In my case I needed to get write access to a file located in /hwmon/hwmon1/device/pwm1 && pwm1_enable. Those files controls the cpu fan on my motherboard (Gigabyte GA-73PVM-series).
I manually changed the permissions on the files, but at the next reboot the permissions were set back to read only…hmm.
This is how I solved it:
Created a single file called fan-speed-init.sh in /etc/init.d
fan-speed-init.sh:
/bin/chmod 664 /sys/class/hwmon/hwmon1/device/pwm1
/bin/chmod 664 /sys/class/hwmon/hwmon1/device/pwm1_enable
Set the ownership and permissions on this script so root can execute
sudo chmod 744 /etc/init.d/fan-speed-init.sh
sudo chown root:root /etc/init.d/fan-speed-init.sh
Now set this script to run at startup
sudo ln -s /etc/init.d/fan-speed-init.sh /etc/rc2.d/S99fan-speed-init.sh
sudo ln -s /etc/init.d/fan-speed-init.sh /etc/rc3.d/S99fan-speed-init.sh
sudo ln -s /etc/init.d/fan-speed-init.sh /etc/rc4.d/S99fan-speed-init.sh
sudo ln -s /etc/init.d/fan-speed-init.sh /etc/rc5.d/S99fan-speed-init.sh
This multiple linking could be done smarter by issuing the
update-rc.d -f fan-speed-init.sh start 99 2 3 4 5 .
where
- start is the argument given to the script (start, stop).

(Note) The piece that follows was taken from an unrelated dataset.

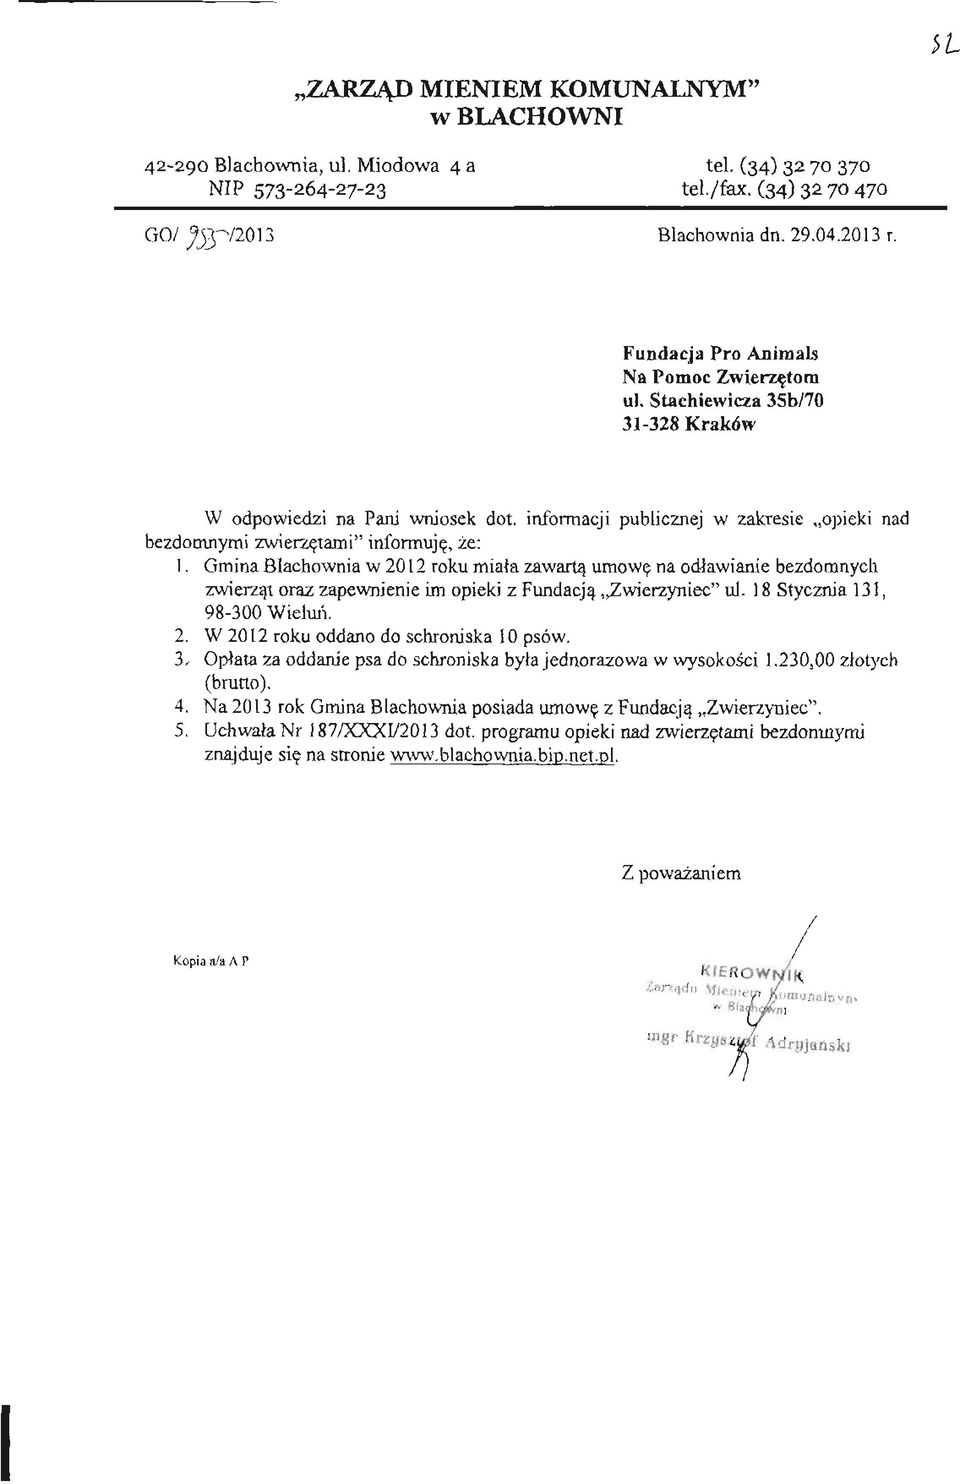 Gmina Blachownia w 2012 roku miała zawartą umowę na odławianie bezdomnych zwierząt oraz zapewnienie im opieki z Fundacją Zwierzyniec" ul. 18 Stycznia 131, 98-300 Wieluń, 2.

- 99 is the start order of the script (1 = first, 99= last)
- 2 3 4 5 are the runlevels to start
Dont forget the dot at the end
More info in /etc/rcS.d/README
Now at reboot, the file permissions is reset during start and at runlevel 2 my script is executed by root issuing the given chmod command setting permissions the way I want it. B-)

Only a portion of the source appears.